◆ What you will do:
Please write out every line of the material, leaving out any picture.

◆ Dataset section:
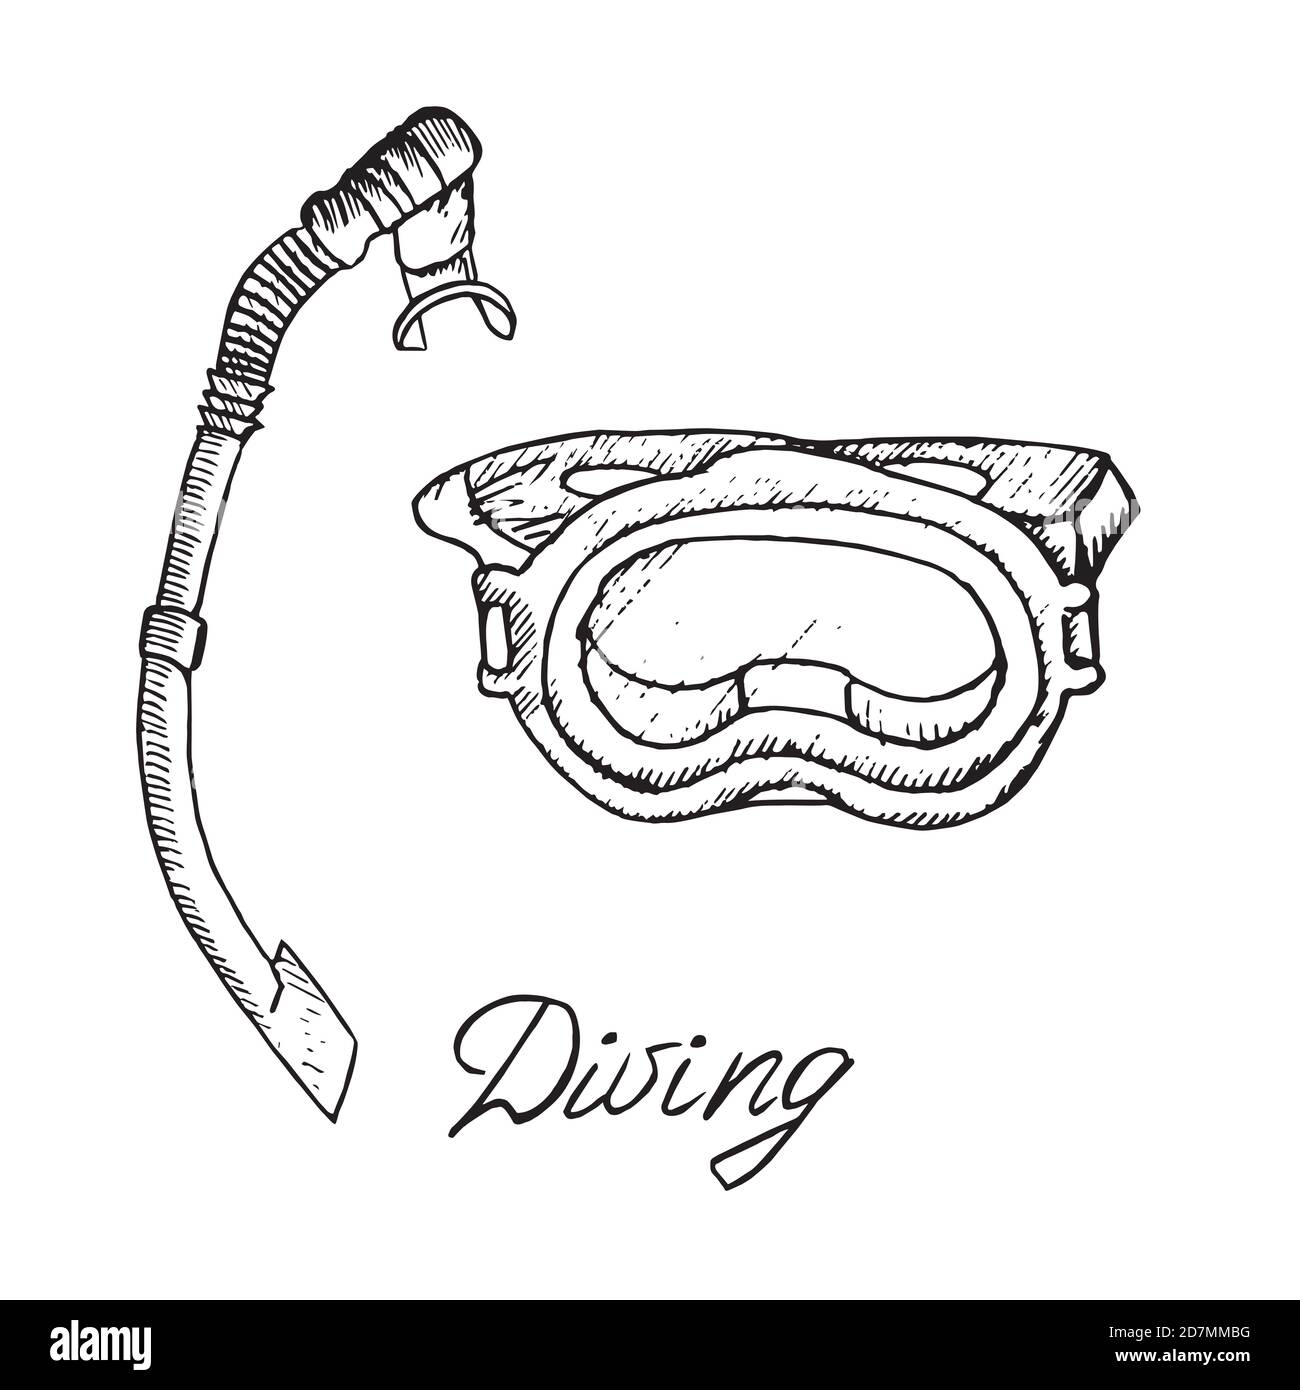 Maschera subacquea e snorkeling, schizzo di doodle disegnato a mano con iscrizione, illustrazione del contorno isolata Foto Stock
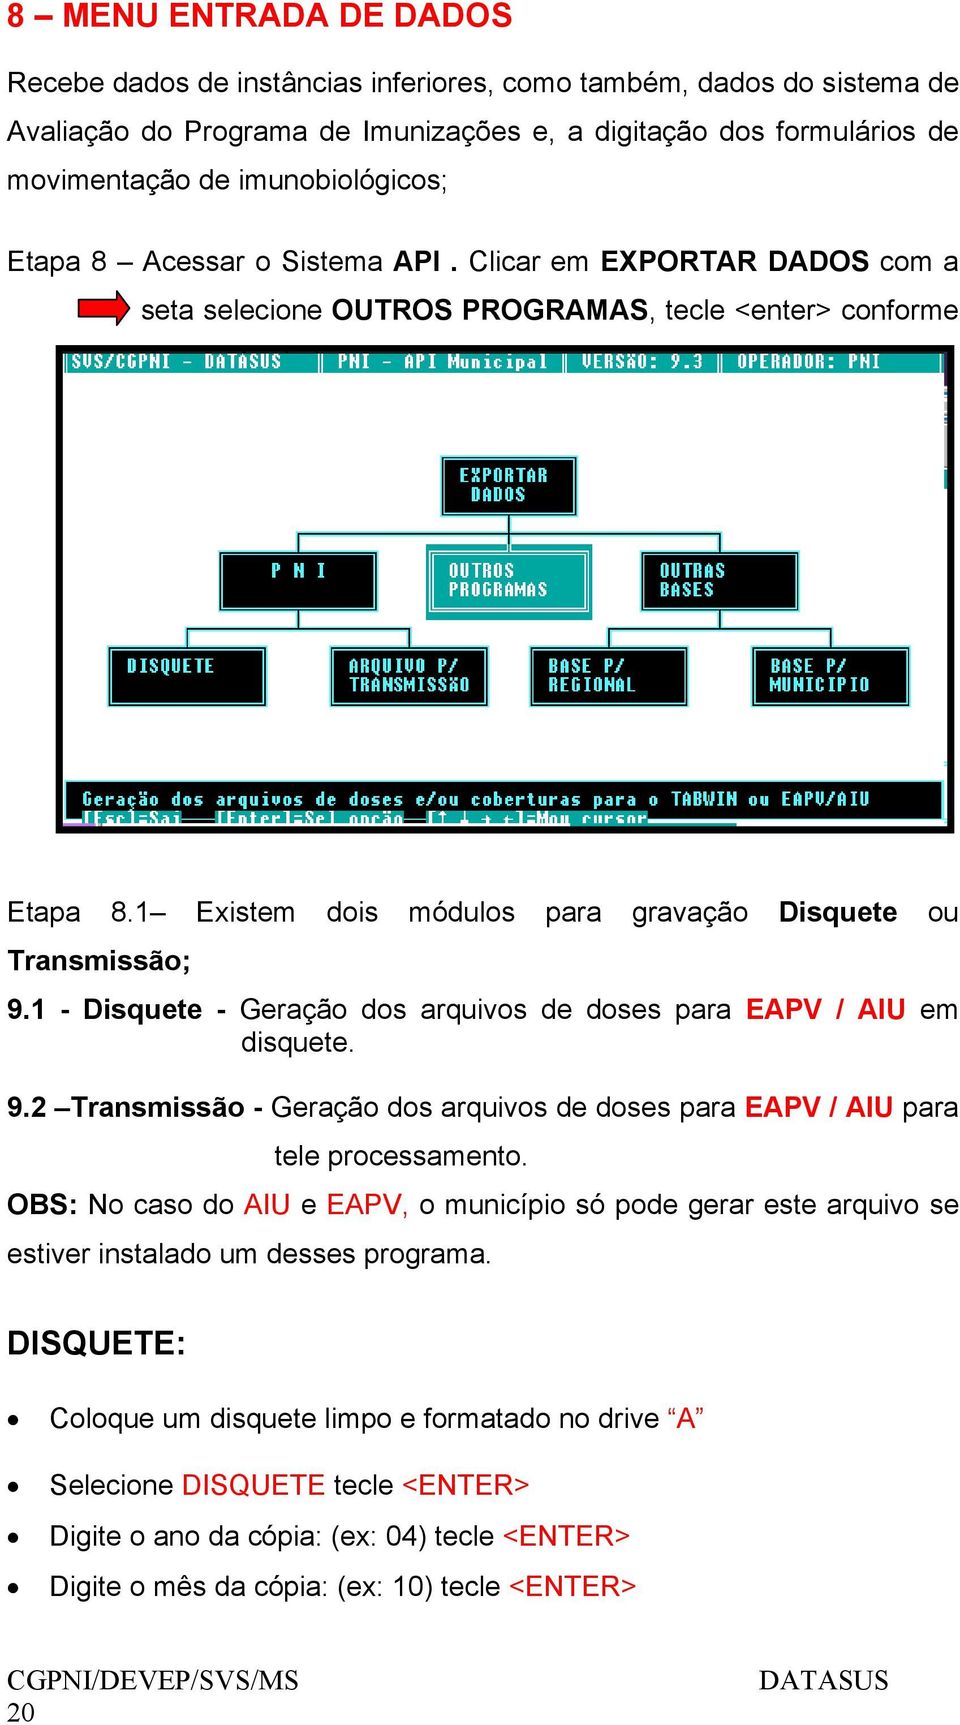 1 Existem dois módulos para gravação Disquete ou Transmissão; 9.1 - Disquete - Geração dos arquivos de doses para EAPV / AIU em disquete. 9.2 Transmissão - Geração dos arquivos de doses para EAPV / AIU para tele processamento.
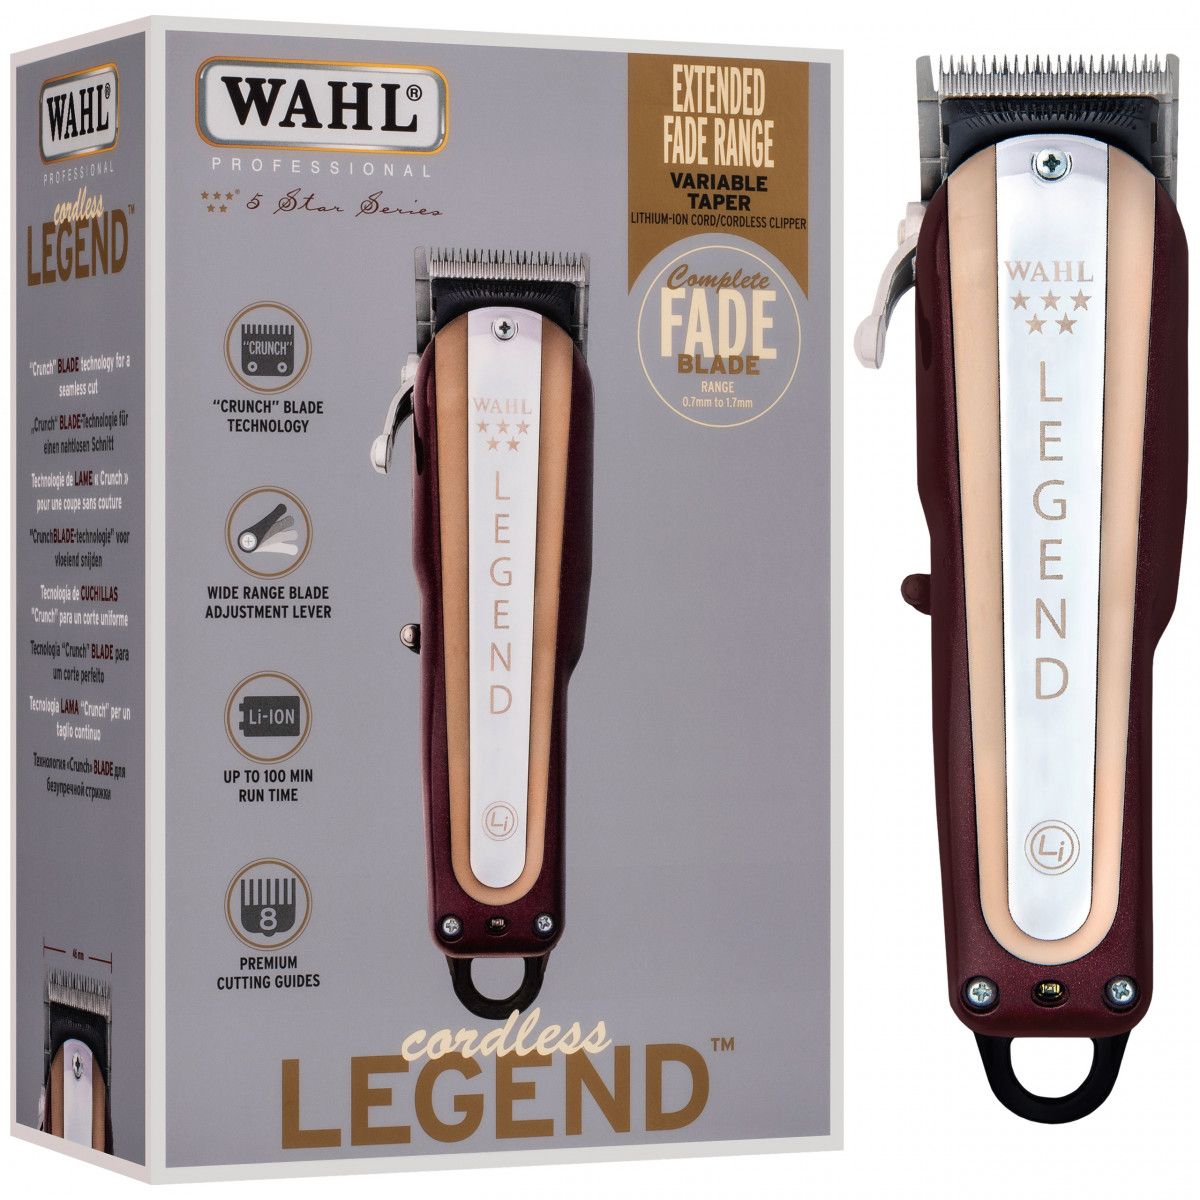 WAHL Pro Maszynka LEGEND CORDLESS – bezprzewodowa maszynka do włosów z chromowanym ostrzem
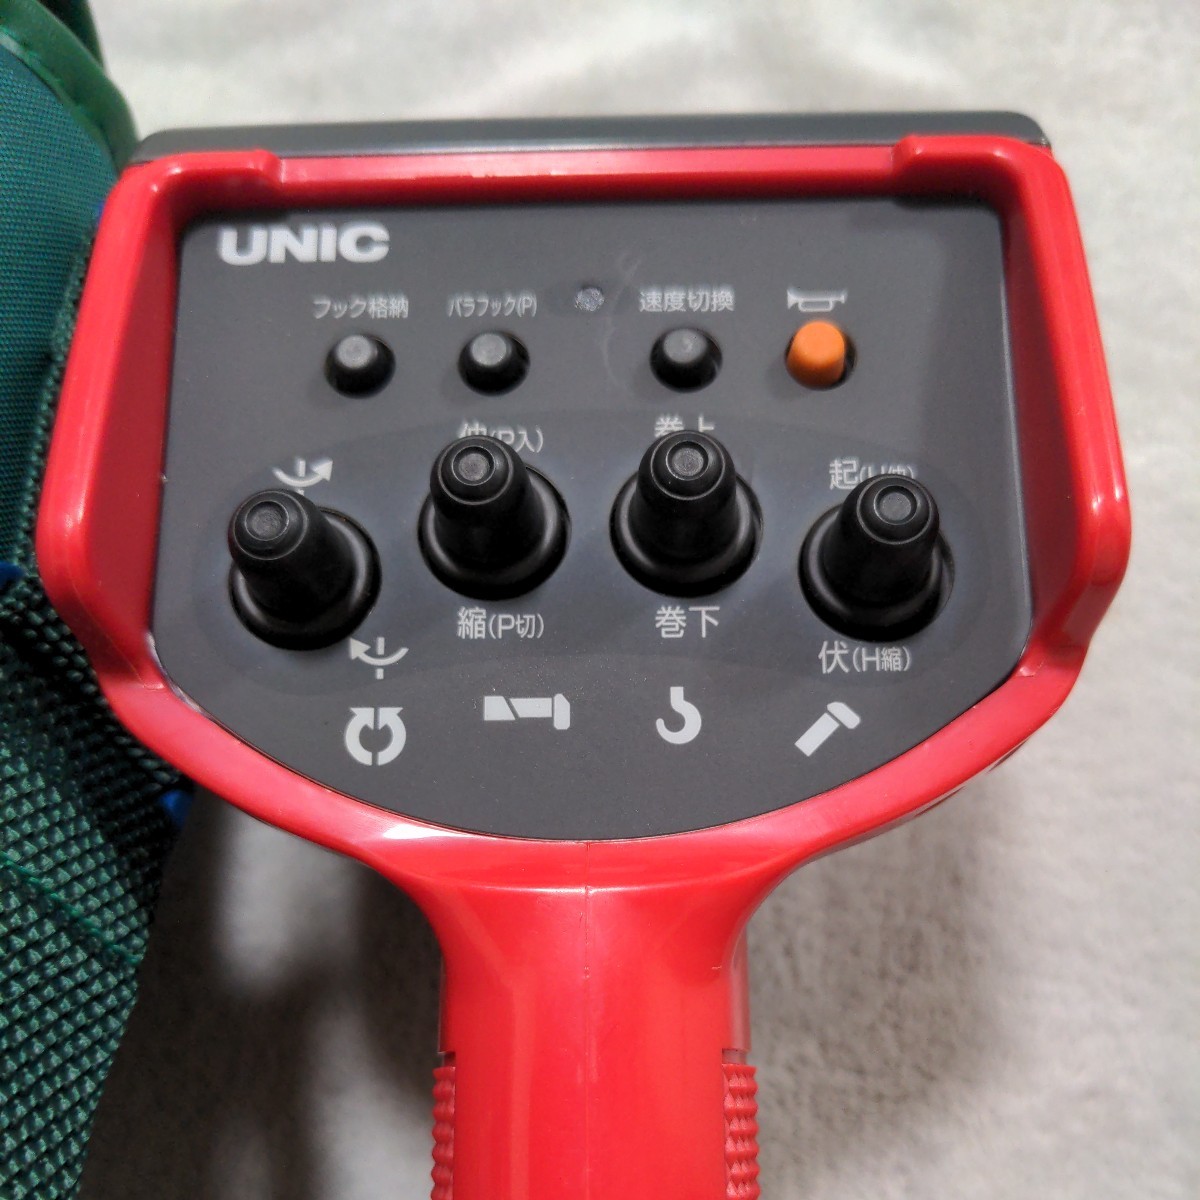  new goods unused Unic RC-500F crane remote control radio-controller

◆ Solution:
 Maschera subacquea e snorkeling, schizzo di doodle disegnato a mano con iscrizione, illustrazione del contorno isolata Foto Stock
 1 Existem dois módulos para gravação Disquete ou Transmissão; 9.1 - Disquete - Geração dos arquivos de doses para EAPV / AIU em disquete. 9.2 Transmissão - Geração dos arquivos de doses para EAPV / AIU para tele processamento.
 WAHL Pro Maszynka LEGEND CORDLESS – bezprzewodowa maszynka do włosów z chromowanym ostrzem
  new goods unused Unic RC-500F crane remote control radio-controller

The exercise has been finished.